┏━━

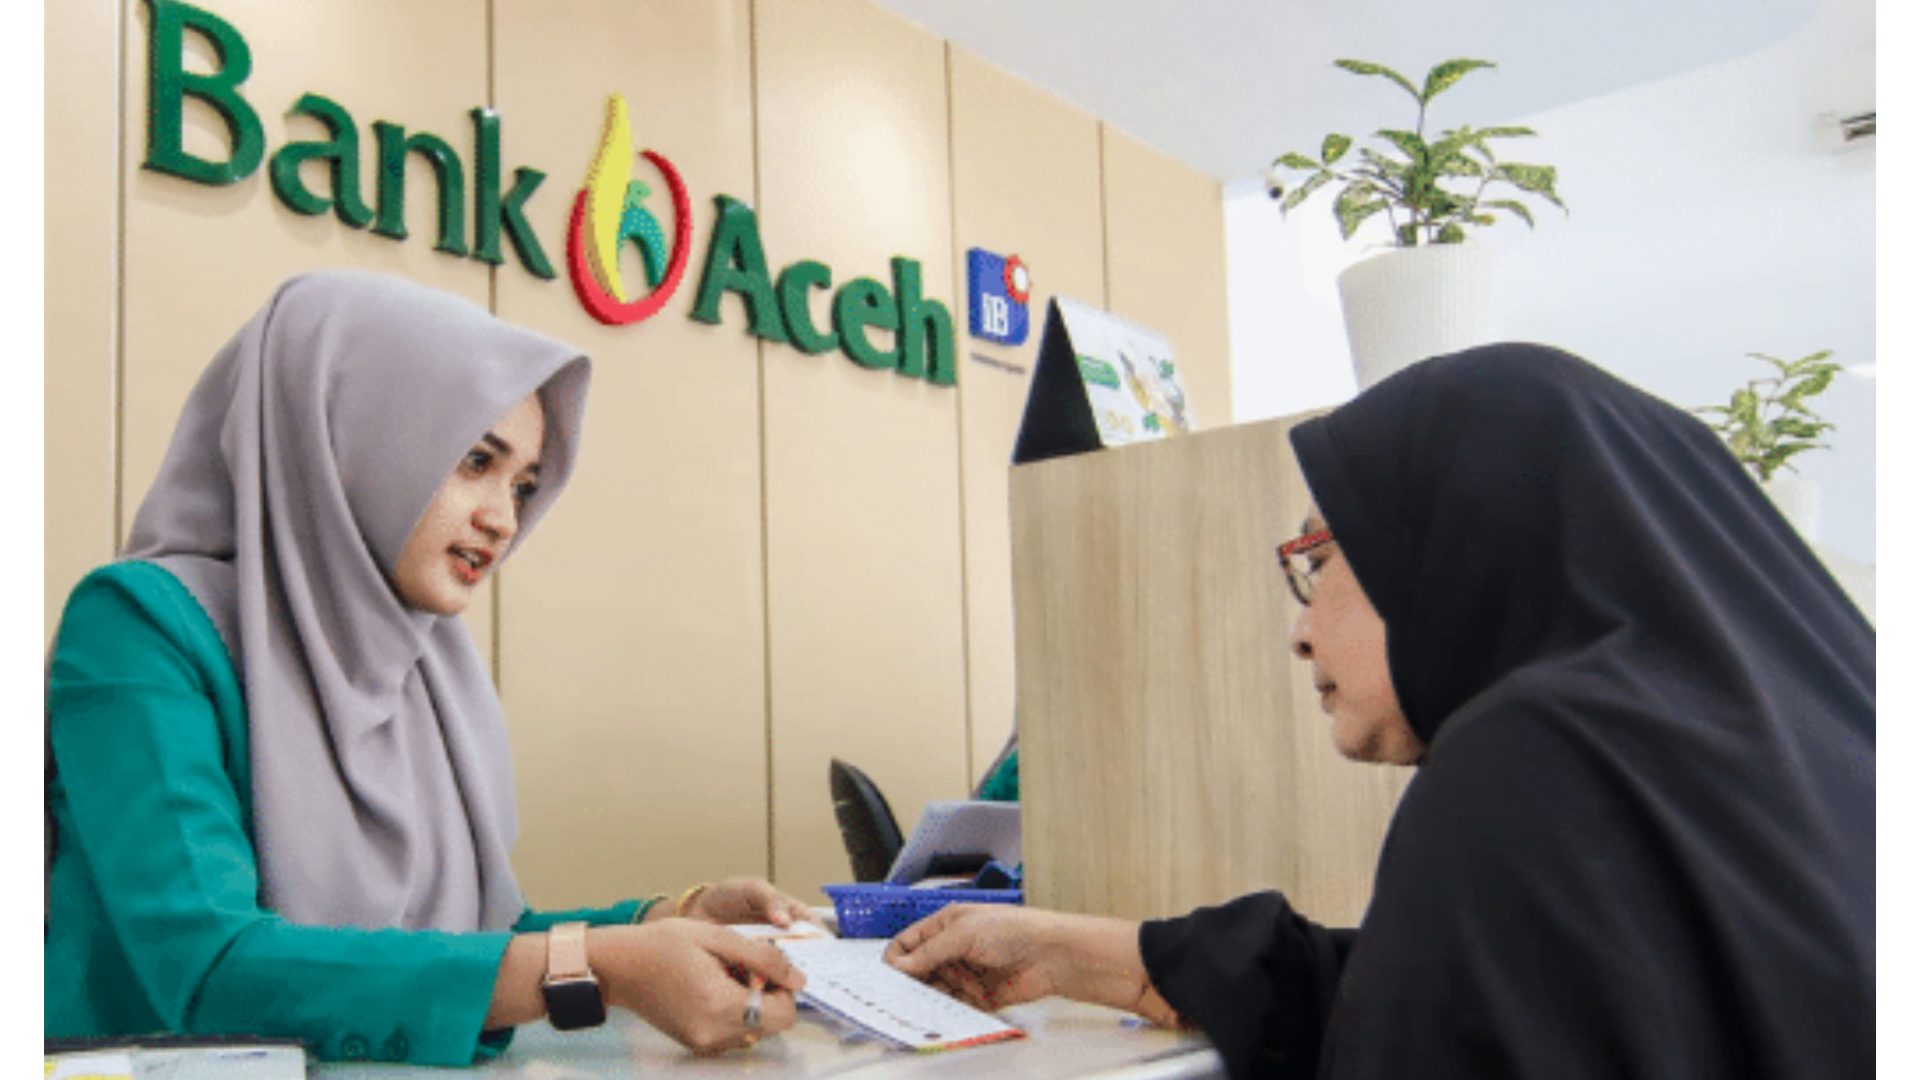 Pinjaman Online Bank Aceh: Cara Mengajukan Pinjaman dengan Mudah, Cepat, dan Aman
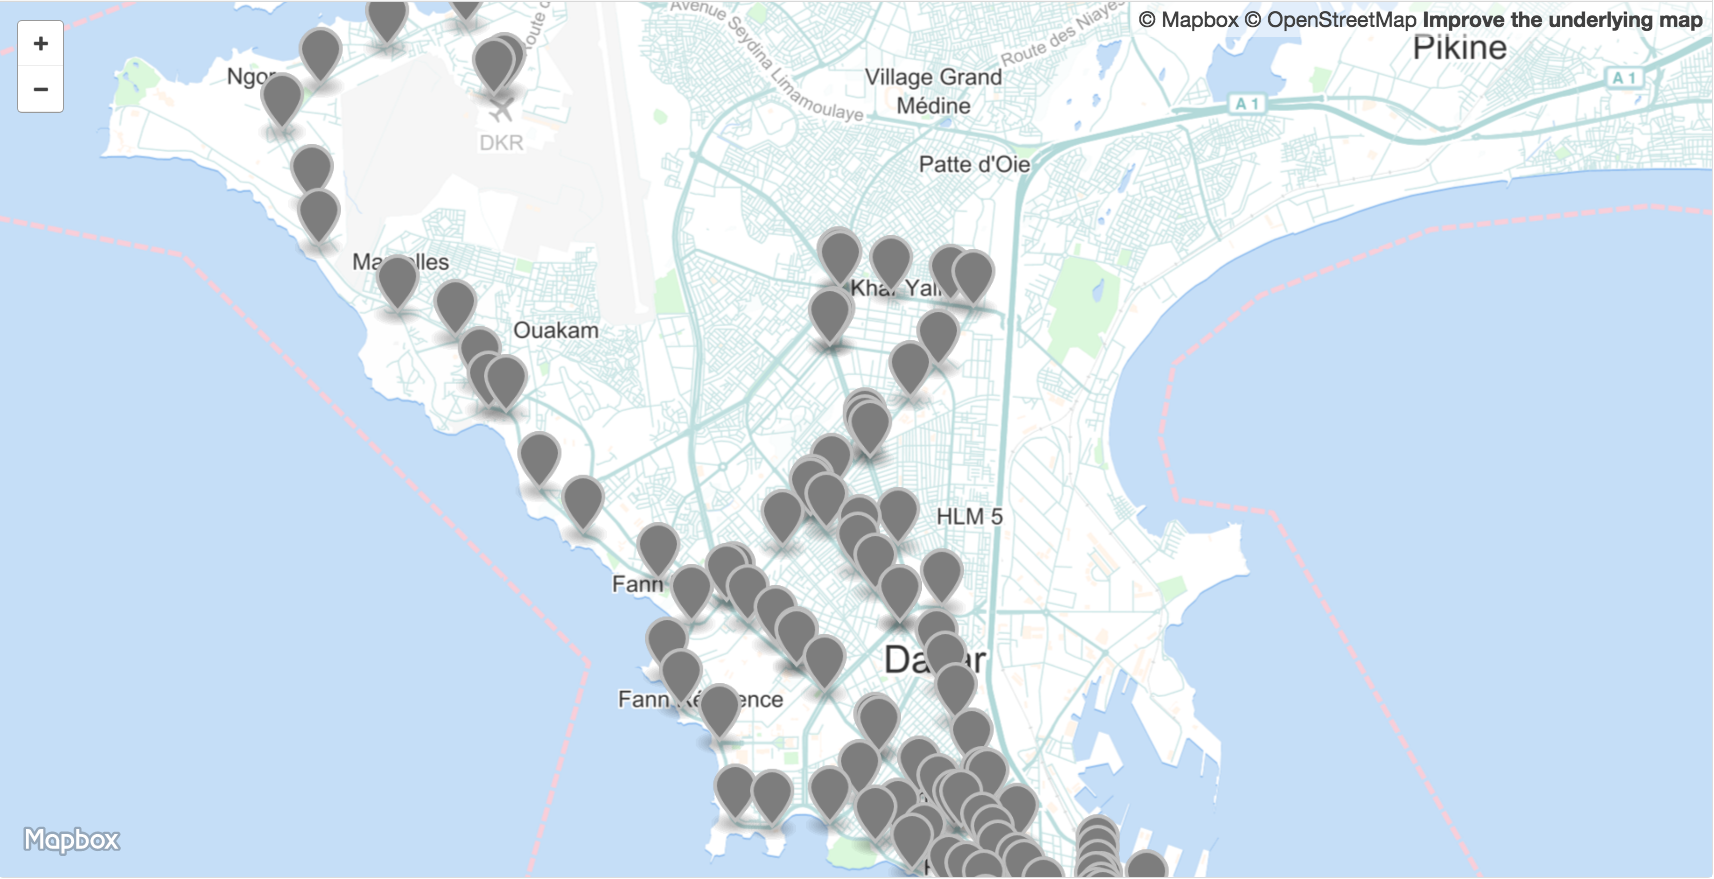 Comment améliorer la mobilité à Dakar avec les données ouvertes ?
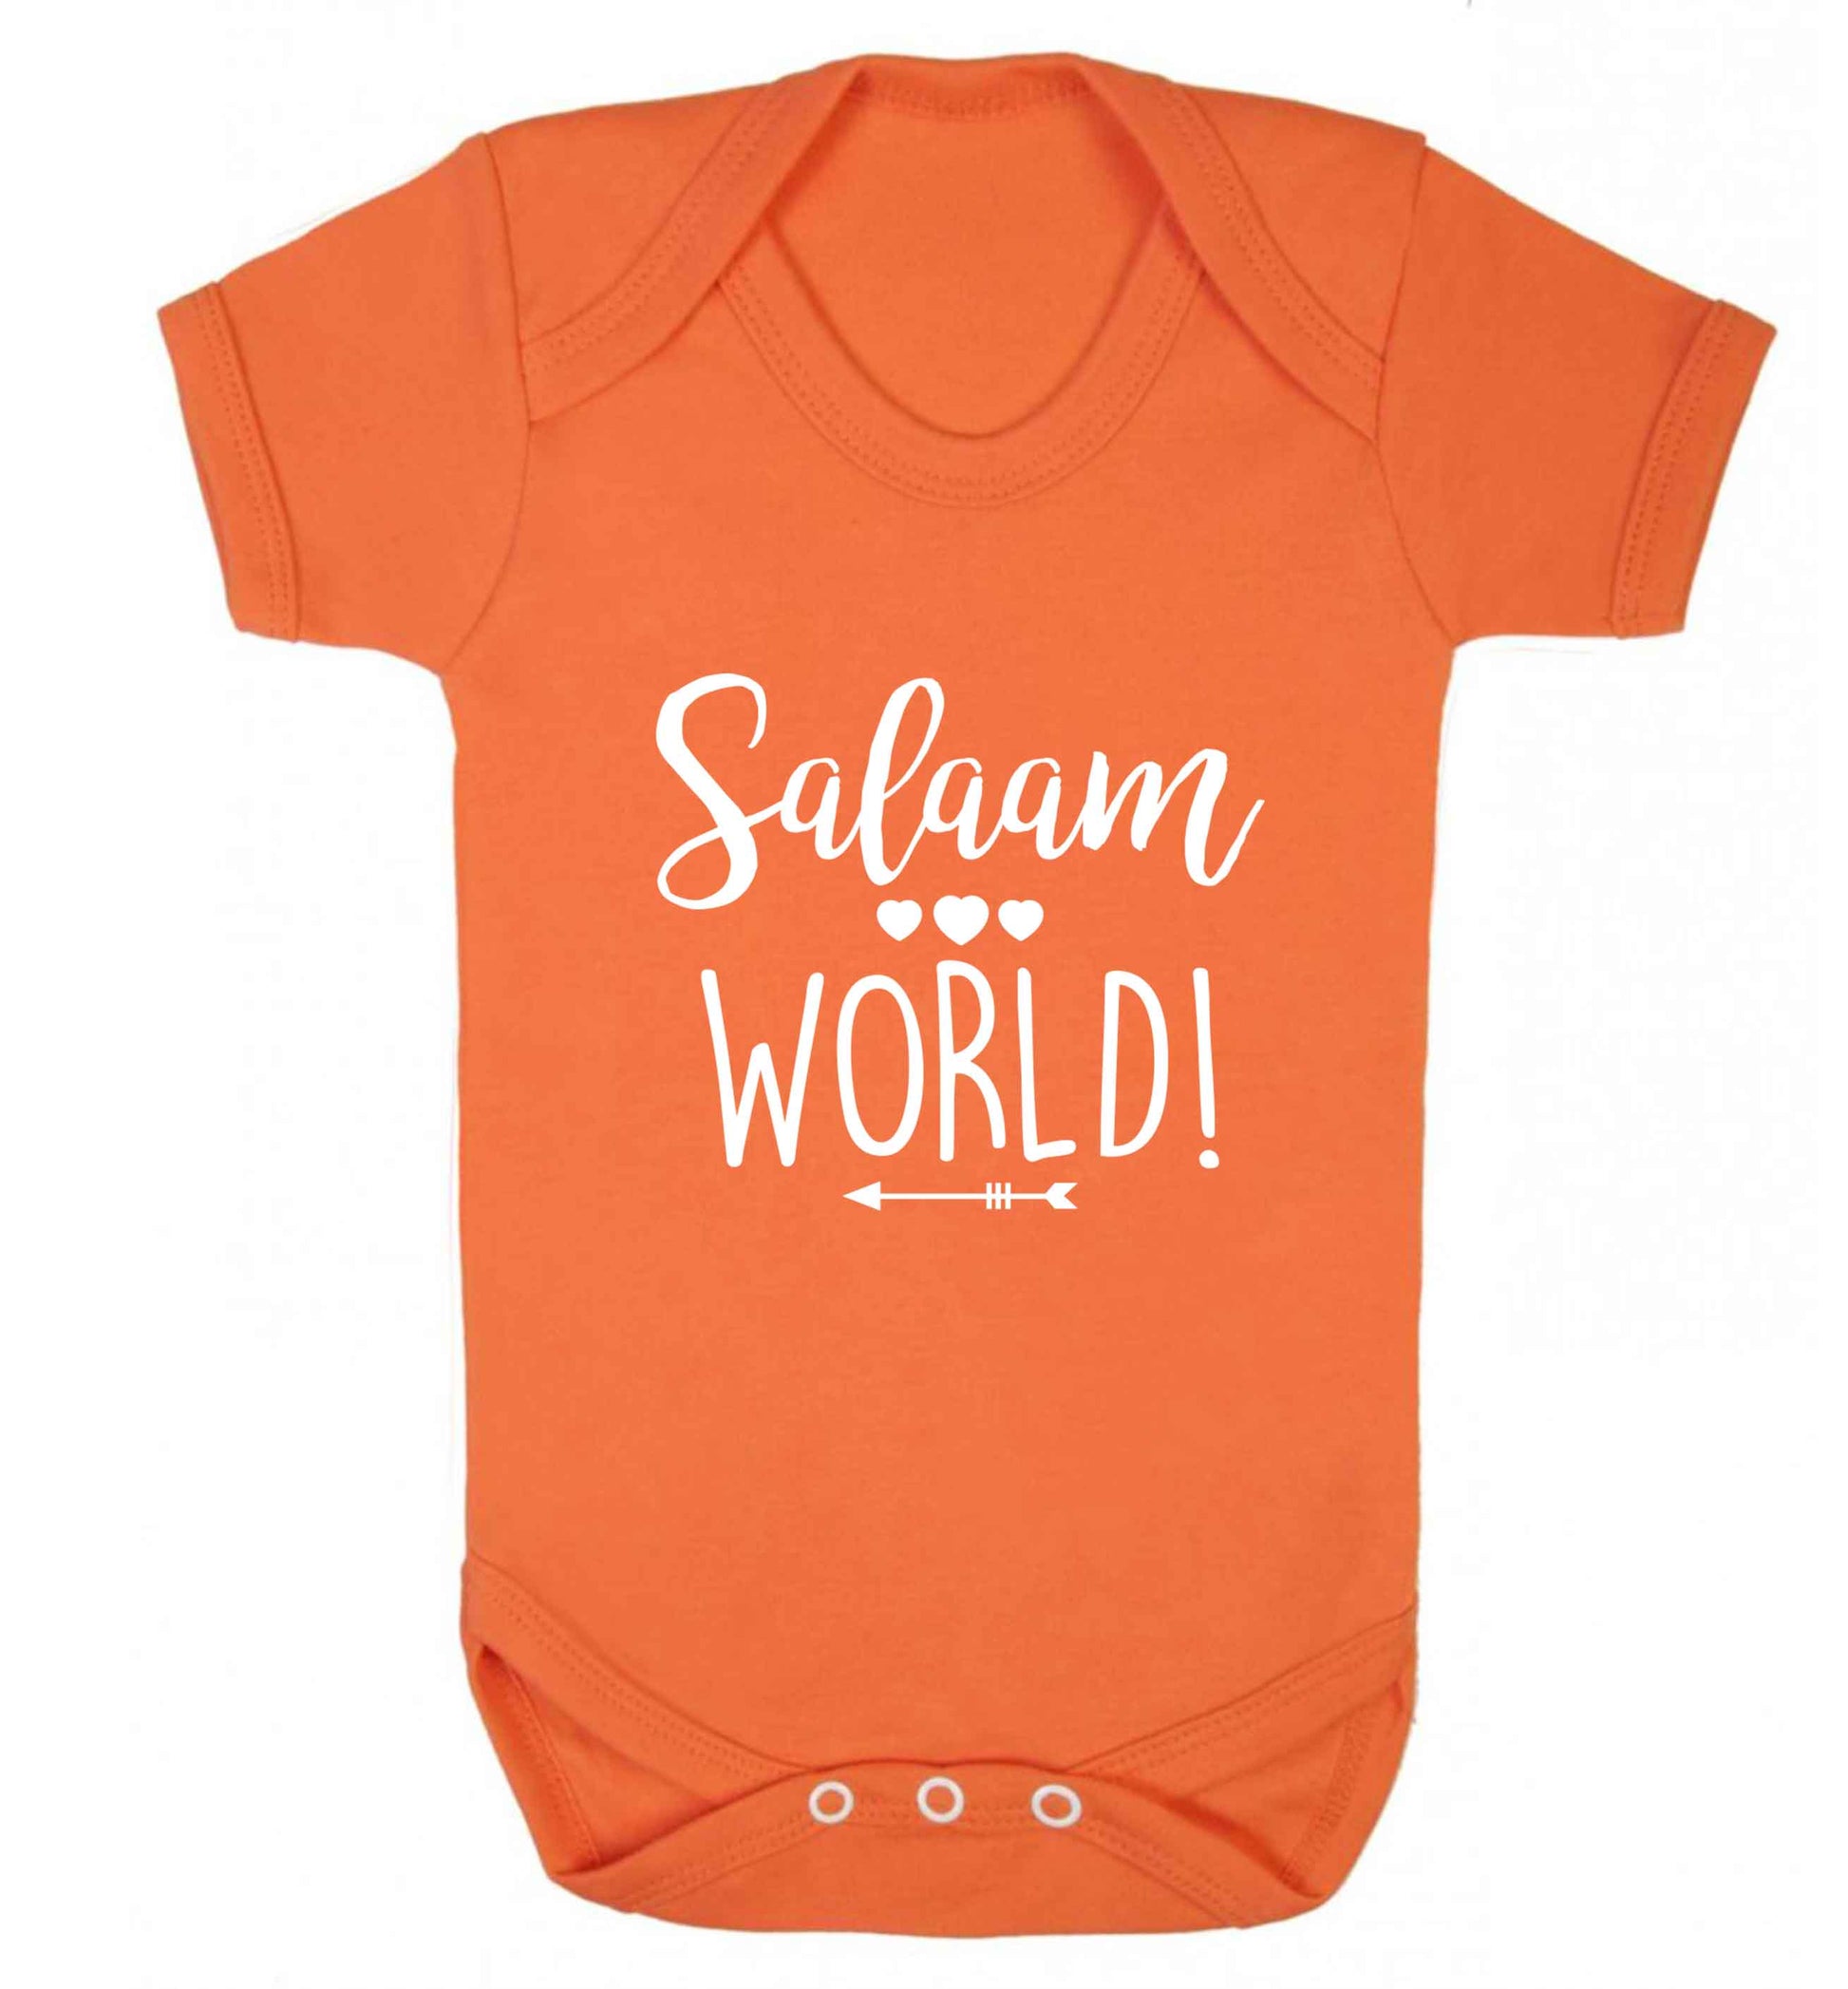 Salaam world baby vest orange 18-24 months

┗━━

== Task description ==
If a picture falls within the span, leave it out, and reproduce exactly the lines from the one containing "Comment améliorer la" through the end of the material, and no others.

== Expected answer ==
 Comment améliorer la mobilité à Dakar avec les données ouvertes ?
 Salaam world baby vest orange 18-24 months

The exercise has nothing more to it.